• _ASSIGNMENT_
Starting at the line that contains "Towel Holder 5", print each line exactly through the end of the listing. Skip any pictures and add nothing.

• _DATASET SECTION_
/---

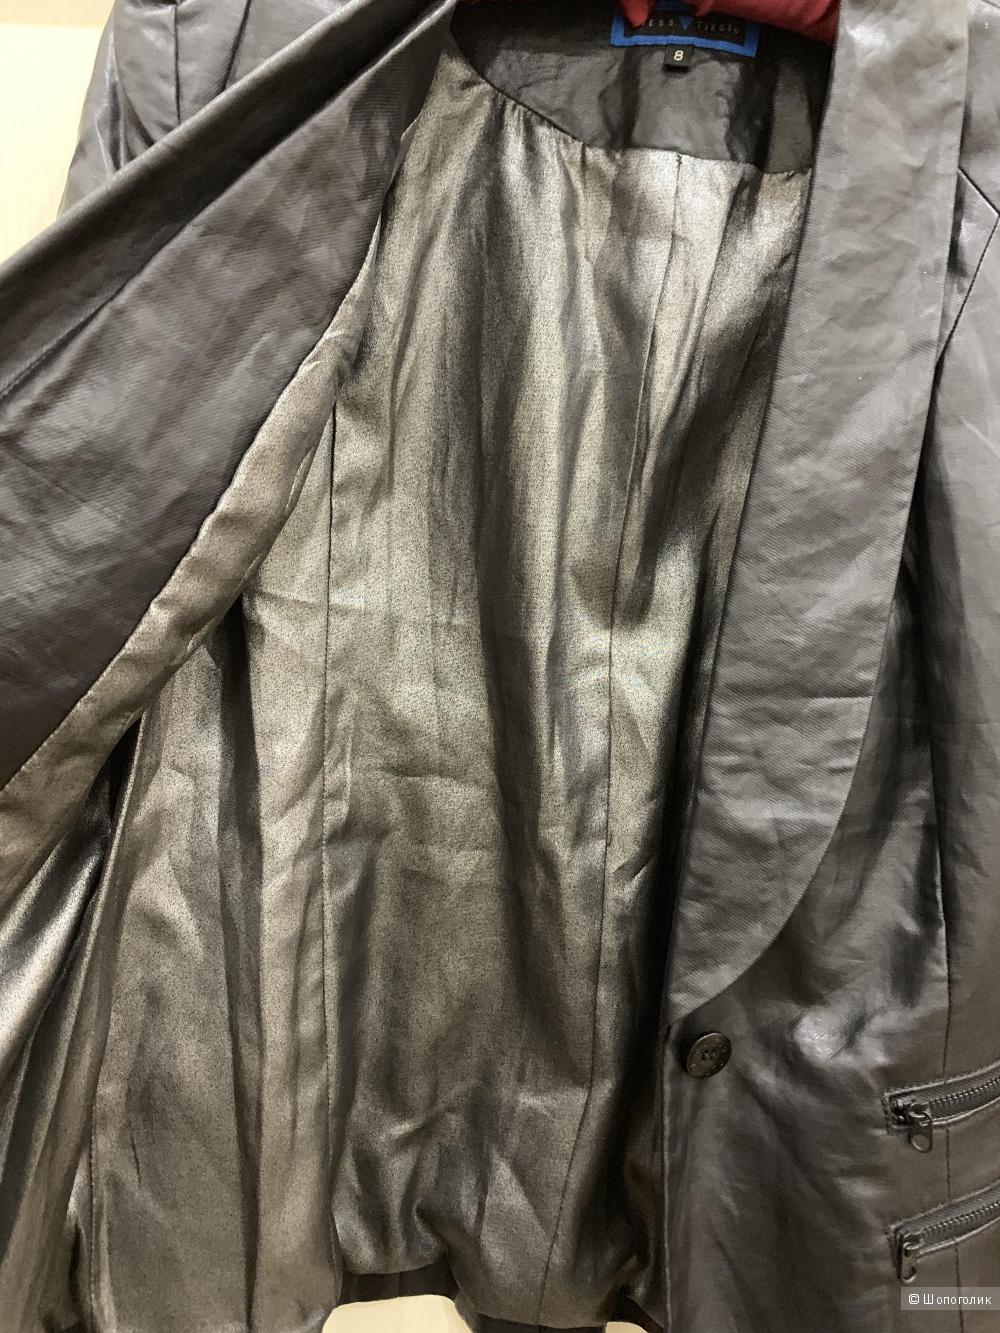 Пиджак Guess tiesto, размер 8(44-46)
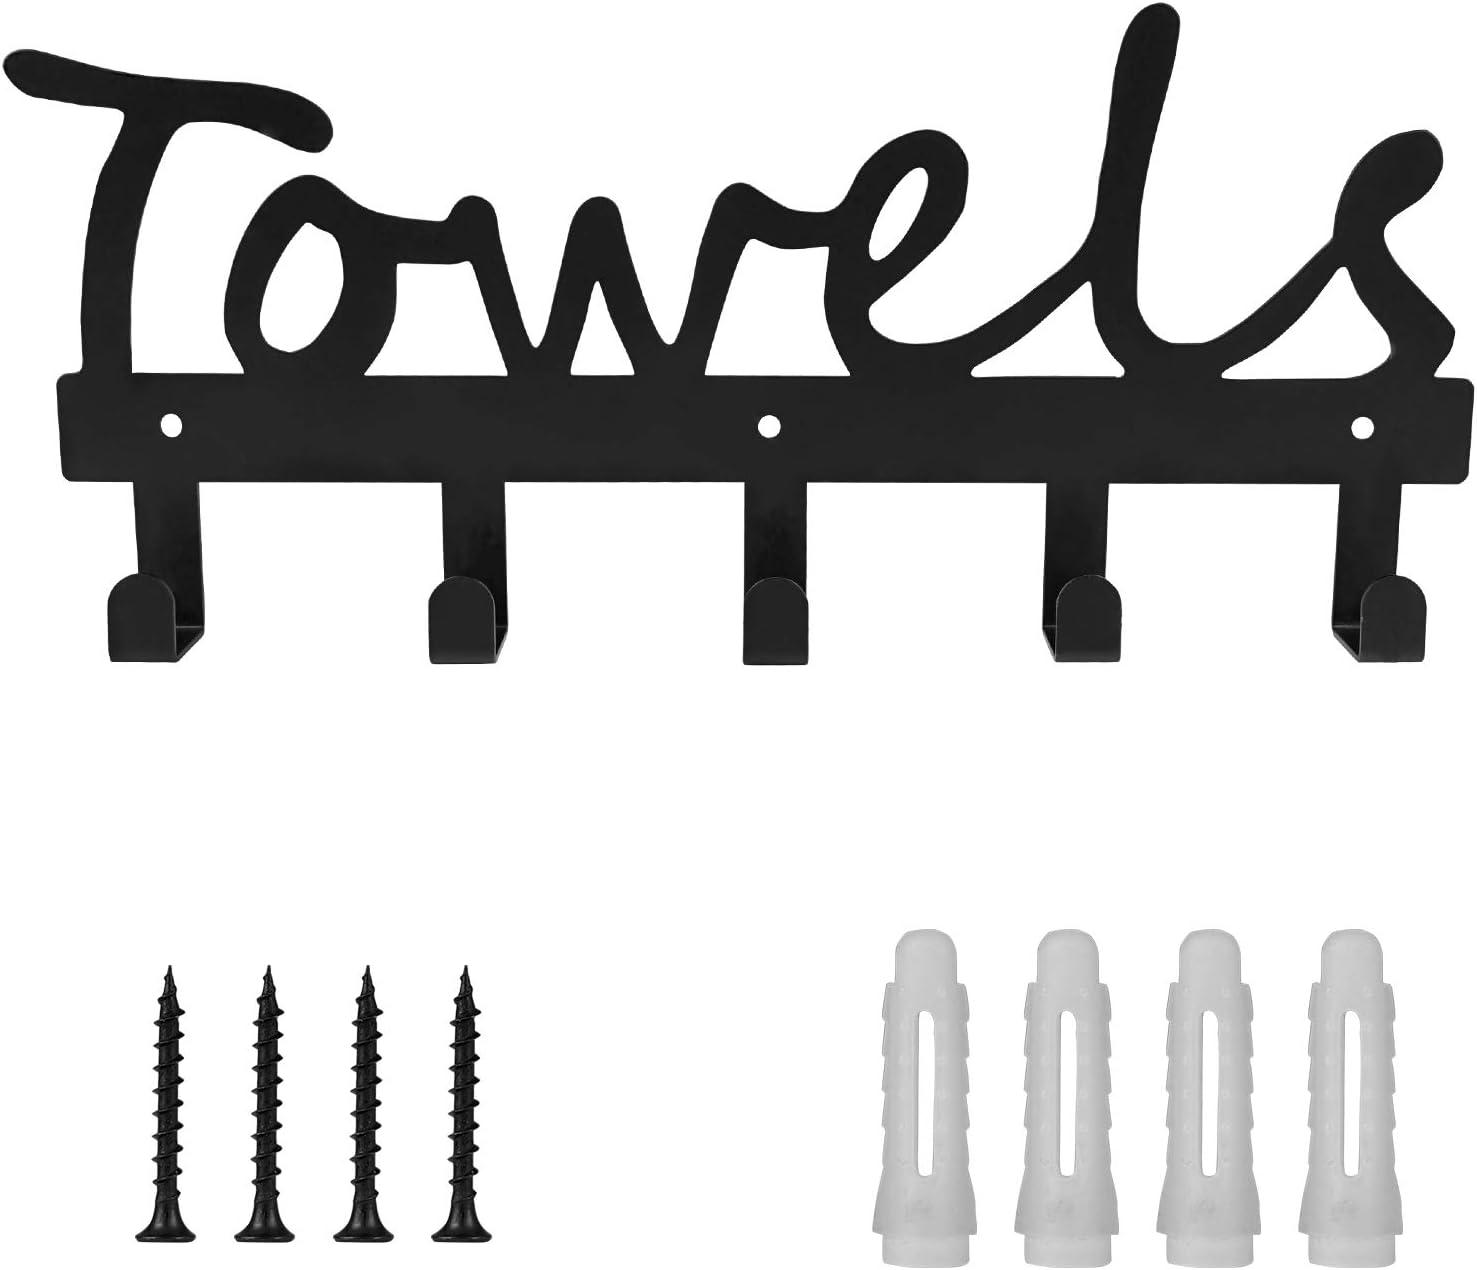 Towel Holder 5 Hooks for Bathroom, Towel Racks, Towel Hooks for Bathroom, Bedroom, Kitchen, Pool, Beach Towels, Bathrobe, Clothing, Metal Sandblasted Wall Mount Rustproof and Waterproof (Black02): Kitchen & Dining
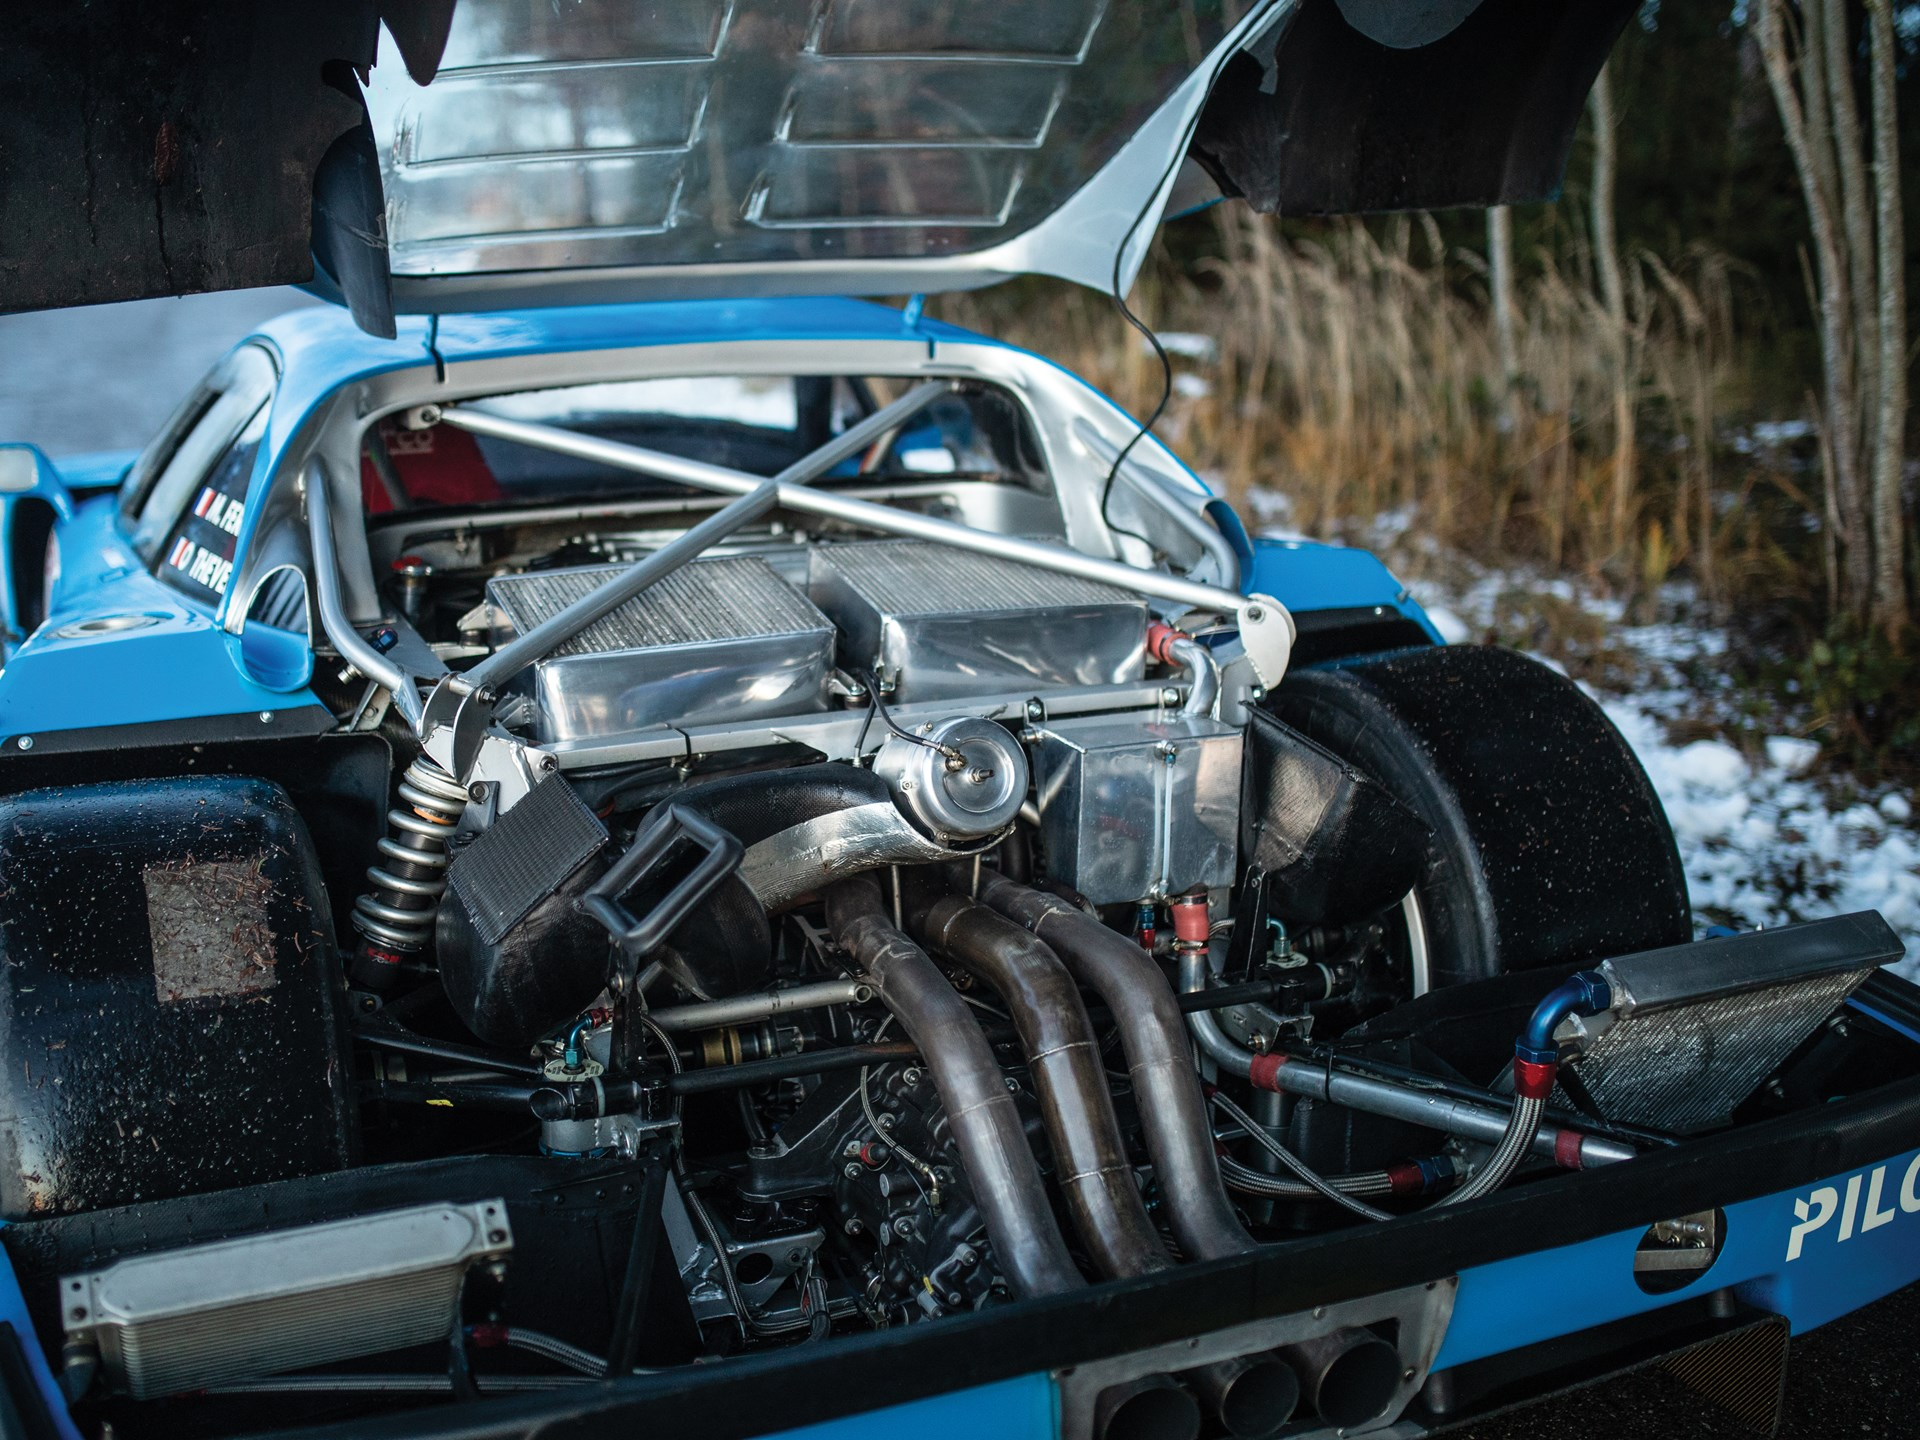 1987 Ferrari F40 LM rear engine hood up

\---

• _SOLUTION_
 Towel Holder 5 Hooks for Bathroom, Towel Racks, Towel Hooks for Bathroom, Bedroom, Kitchen, Pool, Beach Towels, Bathrobe, Clothing, Metal Sandblasted Wall Mount Rustproof and Waterproof (Black02): Kitchen & Dining
 1987 Ferrari F40 LM rear engine hood up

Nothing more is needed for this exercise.